Activity
Write out the data word for word and omit every picture.

Information supplied
______________________________
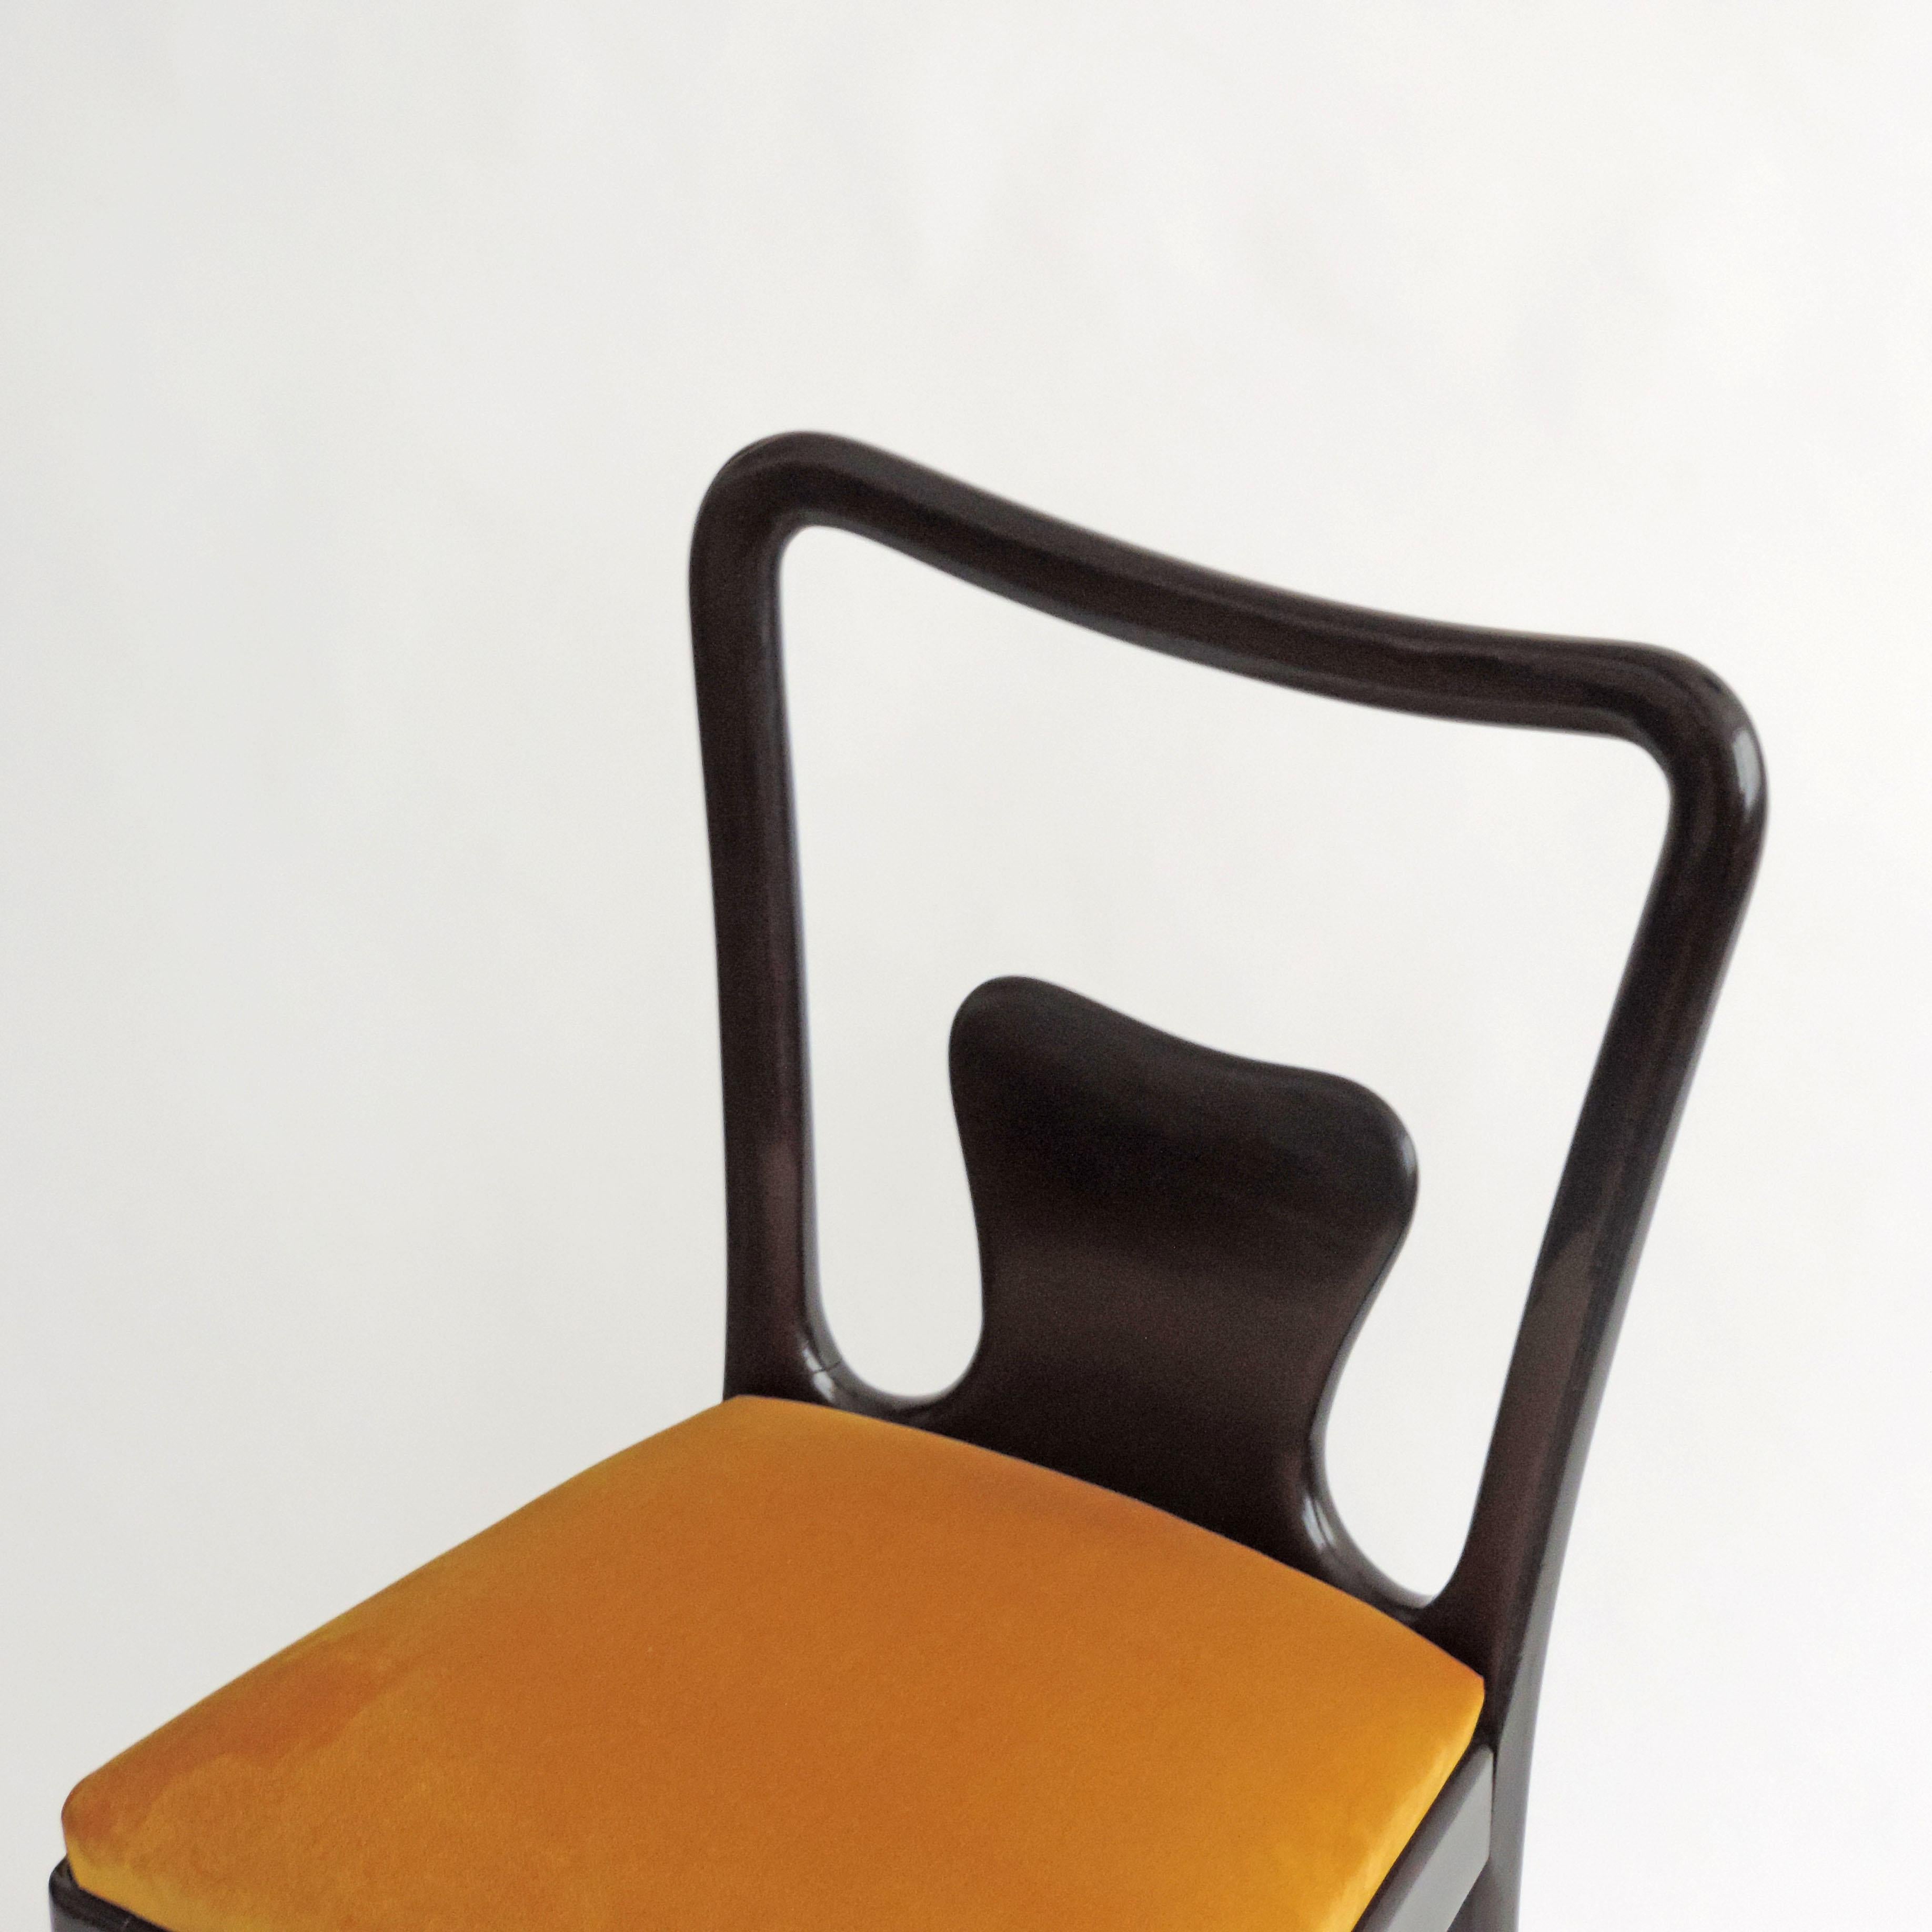 Satz von sechs Esszimmerstühlen aus gebeiztem Holz und gelbem Samt, die dem italienischen Architekten Guglielmo Ulrich zugeschrieben werden.
Hervorragende Handwerkskunst in der Holzschnitzerei.
Sehr stabiler Sitz.
______________________________
Output below
 Satz von sechs Esszimmerstühlen aus gebeiztem Holz und gelbem Samt, die dem italienischen Architekten Guglielmo Ulrich zugeschrieben werden.
Hervorragende Handwerkskunst in der Holzschnitzerei.
Sehr stabiler Sitz.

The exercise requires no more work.